Invasion with specific fimbriated J96 induces uroepithelial cells to increase the phosphorylation of ERK, JNK, and p38. (A) 5637 cells were kept as controls (CL) or invaded with type 1 fimbriated J96 (J96-1), or (B) 786-O cells were kept as controls (CL) or invaded with P fimbriated J96 (J96-P) for the times indicated, and the phosphorylations of ERK, JNK, and p38 were determined by using Western blot analyses. Phosphorylated ERK, JNK, and p38 levels are presented as band densities (normalized to total protein levels) relative to CL. The results are mean ± SEM from at least 3 independent experiments. * P < 0.05 versus control EC (CL).

Figure 6

Effect of MAPK inhibitors on the regulation of IL-8 expression in uroepithelail cells. (A) 5637 cells were kept as controls (CL) or invaded with type 1 fimbriated J96 (J96-1) for 4 h. (B) 786-O cells were kept as controls (CL) or invaded with P fimbriated J96 (J96-P) for 4 h. Before being kept as controls or invaded with J96, cells were pretreated with PD98059 (PD), SP600125 (SP), or SB203580 (SB) separately for 1 h. Data are normalized against 18S rRNA level and presented as fold changes in comparison to control cells (CL) and.

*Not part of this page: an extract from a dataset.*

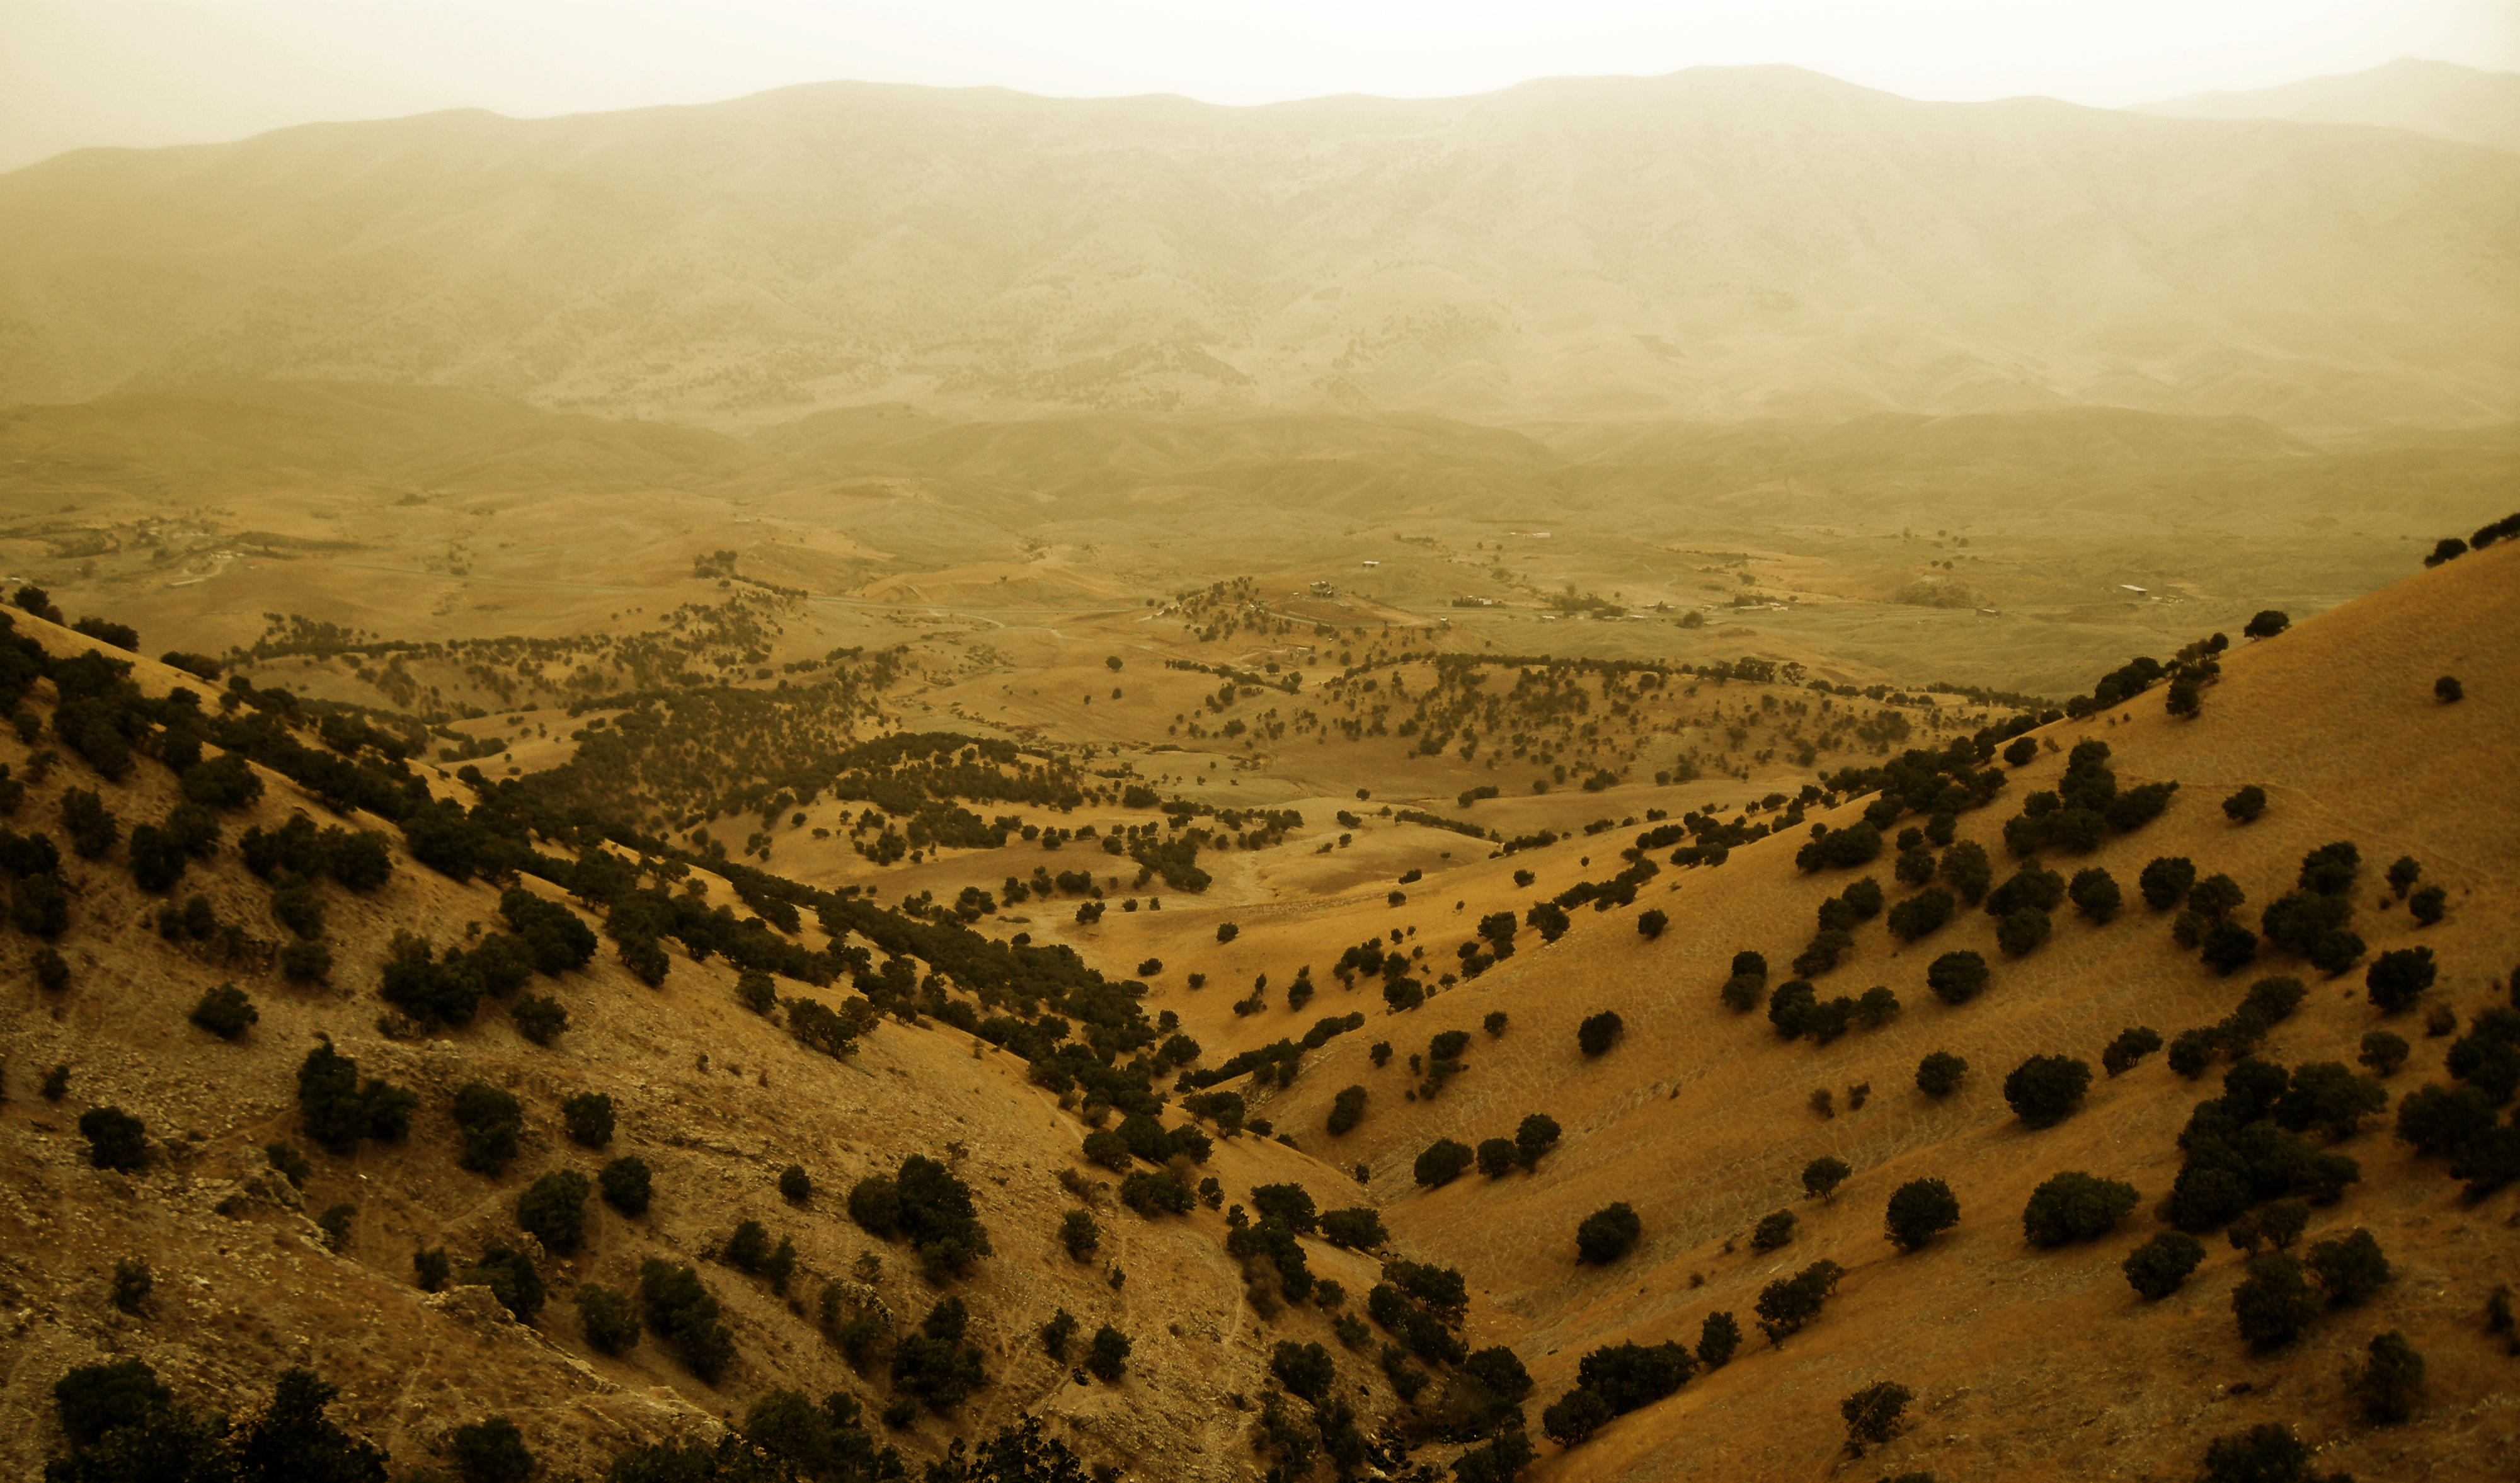 landscape_from_kurdistan___iraq_by_kperhonen-d5b808e.jpg
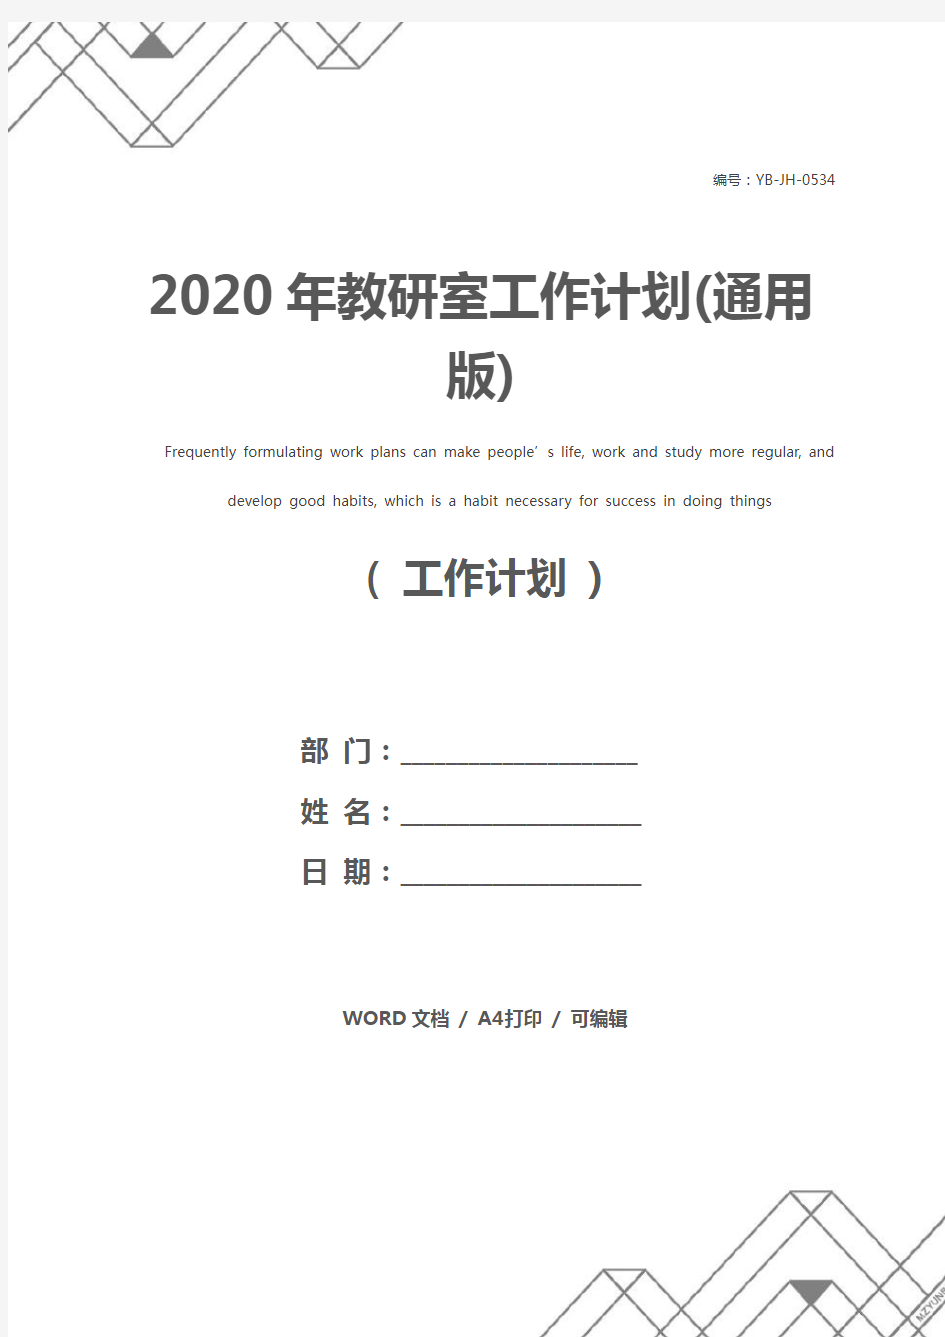 2020年教研室工作计划(通用版)

The results are shown as mean ± SEM. * P < 0.05 versus CL. ^#P < 0.05 versus DMSO-treated cells with J96 invasion. ^&P < 0.01 versus DMSO-treated cells with J96 invasion. (C) and (D) The phosphorylation of p38 in 5637 cells (C) and 786-O cells (D) after 30 min of either J96-1 or J96-P invasion was determined by using Western blot.

Figure 7

J96 invasion induced p65 NF-κB and AP-1 binding activities. (A) NF-κB and AP-1 activation by type 1 fimbriated J96 (J96-1) invasion in 5637 cells, and (B) NF-κB and AP-1 activation by P fimbriated J96 (J96-P) invasion in 786-O cells were determined by TF ELISA assay. All bar graphs represent folds of control cells (CL), mean ± SEM. * P < 0.05 versus p65 NF-κB activation in CL. ^#P < 0.05 versus AP-1 activation in CL. (C) 5637 cells were kept as controls (CL) or invaded with J96-1 for 4 h. (D) 786-O cells were kept as controls (CL) or invaded with J96-P for 4 h. Before being kept as controls or invaded with J96, cells were pretreated with NF-κB inhibitor Pyrrolidine dithiocarbamate (PDTC), or AP-1 inhibitor Tanshinone IIA (TIIA) individually for 1 h. Data are normalized to 18S rRNA level and presented as fold changes in comparison to control cells (CL) and. The results are shown as mean ± SEM. * P < 0.05 versus CL. ^#P < 0.05 versus DMSO-treated cells with J96 invasion. ^&P < 0.01 versus DMSO-treated cells with J96 invasion.

Figure 8

MAPK signaling pathways were involved in J96-induced AP-1 activation of uroepithelial cells. Type 1 fimbriated J96 (J96-1) induced AP-1 (A) and NF-κB (C) activation in 5637 cells, and P fimbriated J96 (J96-P) induced AP-1 (B) and NF-κB (D) activation in 786-O cells were determined by TF ELISA assays in cells pretreated with vesicle (DMSO), PD98059 (PD; 30 μM), SP600125 (SP; 20 μM), or SB203580 (SB; 10 μM) individually for 1 h, or transfected with si-CL, si-p38, and then invaded with J96 for 2 h. The results are shown as mean ± SEM. * P < 0.05 versus CL. ^#P < 0.05 versus DMSO-treated cells with J96 invasion. ^&P < 0.01 versus DMSO-treated or si-CL transfected cells with J96 invasion.

Figure 9

Schematic representation of the signaling pathways regulating the expressions of IL-8 in uroepithelial cells in response to different fimbrial types of J96 invasion.